# Unitary matrix

In mathematics, a unitary matrix is a n by n complex matrix U satisfying the condition

[itex]U^*U = UU^* = I_n\,[itex]

where In is the identity matrix and U* is the conjugate transpose (also called the Hermitian adjoint) of U. Note this condition says that a matrix U is unitary if it has an inverse which is equal to its conjugate transpose U*.

A unitary matrix in which all entries are real is the same thing as an orthogonal matrix. Just as an orthogonal matrix G preserves the (real) inner product of two real vectors,

[itex]\langle Gx, Gy \rangle = \langle x, y \rangle[itex]

so also a unitary matrix U satisfies

[itex]\langle Ux, Uy \rangle = \langle x, y \rangle[itex]

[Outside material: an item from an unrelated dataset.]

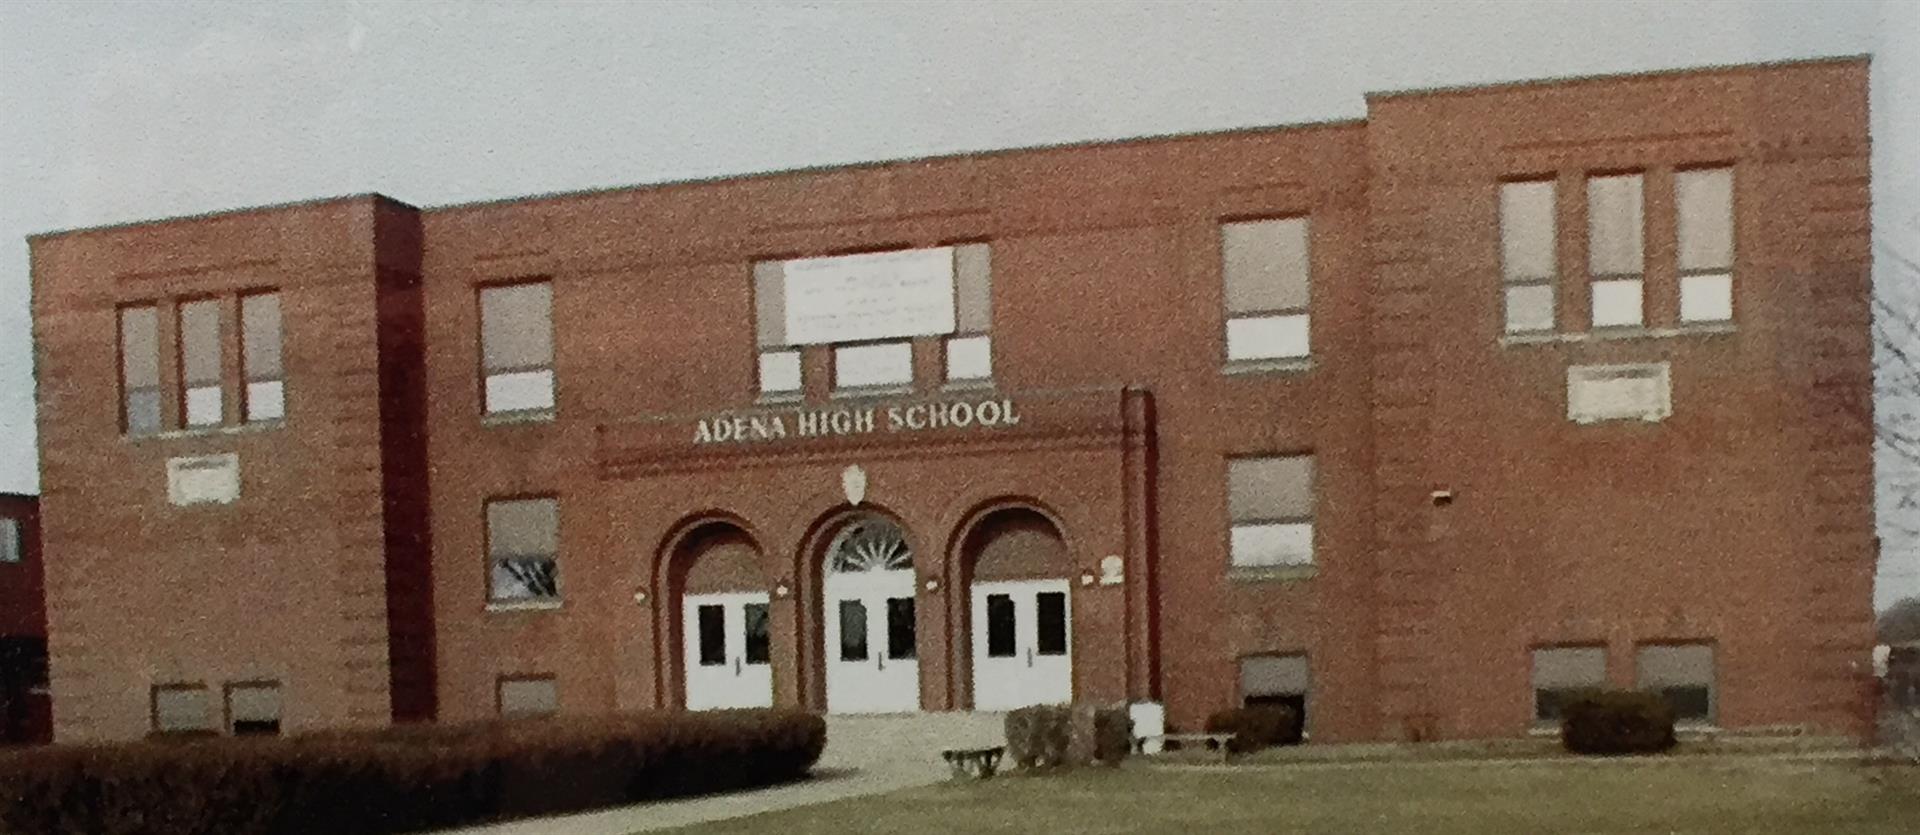 Photo of the Adena High School.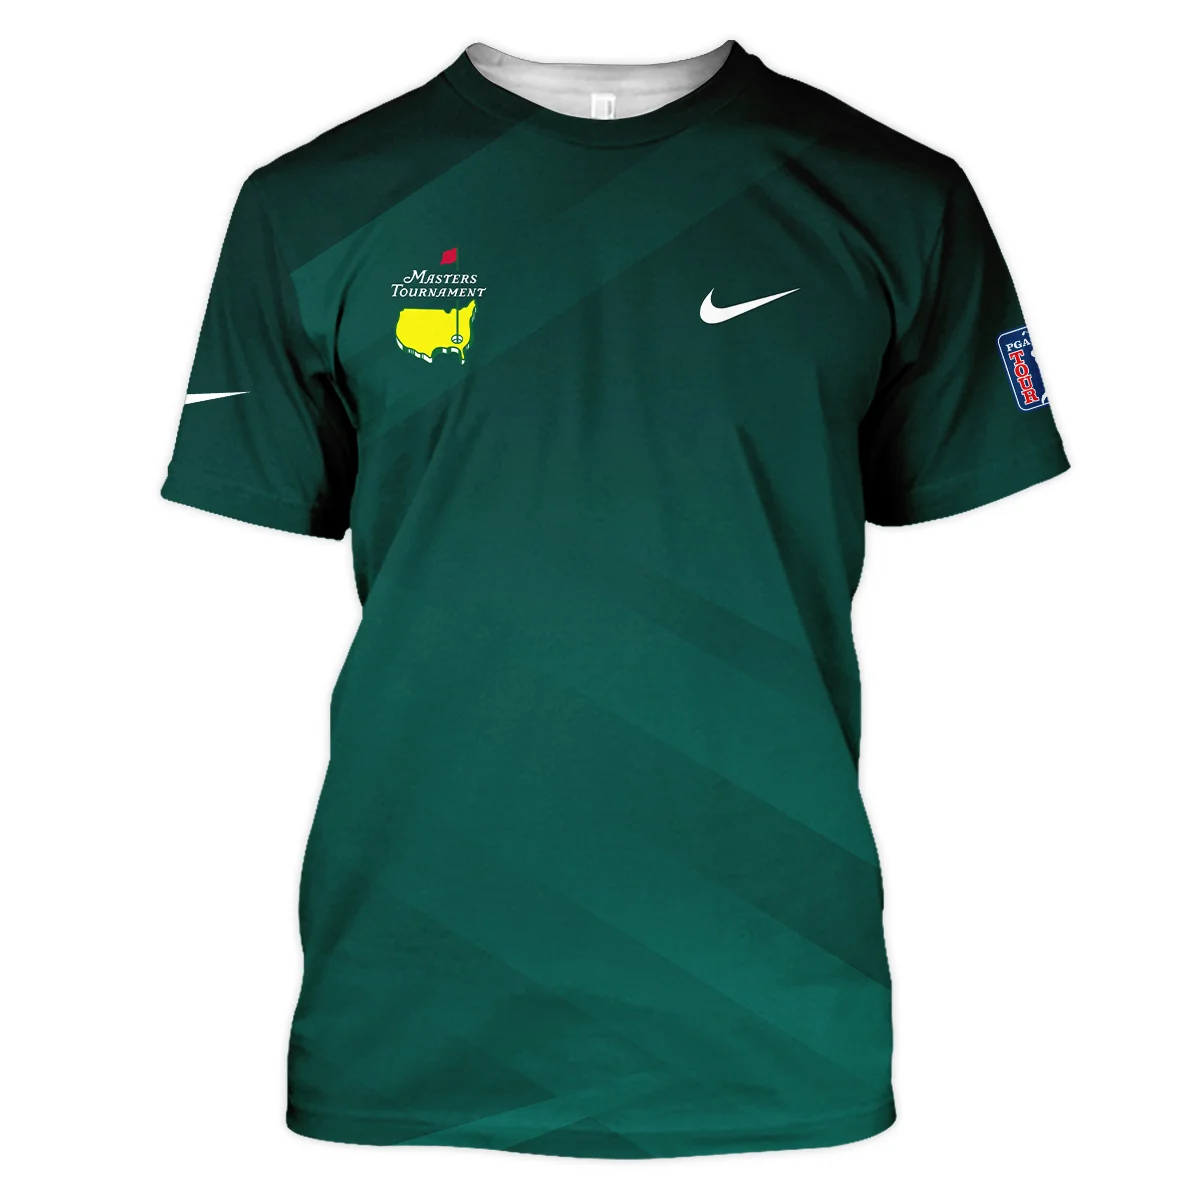 Masters Tournament Dark Green Gradient Golf Sport Nike Vneck Long Polo Shirt Style Classic Long Polo Shirt For Men

for all complex vectors x and y, where <.,.> stands now for the standard inner product on Cn. If A is an n by n matrix then the following are all equivalent conditions:

1. A is unitary
2. A* is unitary
3. the columns of A form an orthonormal basis of Cn with respect to this inner product
4. the rows of A form an orthonormal basis of Cn with respect to this inner product
5. A is an isometry with respect to the norm from this inner product

It follows from the isometry property that all eigenvalues of a unitary matrix are complex numbers of absolute value 1 (i.e. they lie on the unit circle centered at 0 in the complex plane). The same is true for the determinant.

All unitary matrices are normal, and the spectral theorem therefore applies to them.

A unitary matrix is called special if its determinant is 1.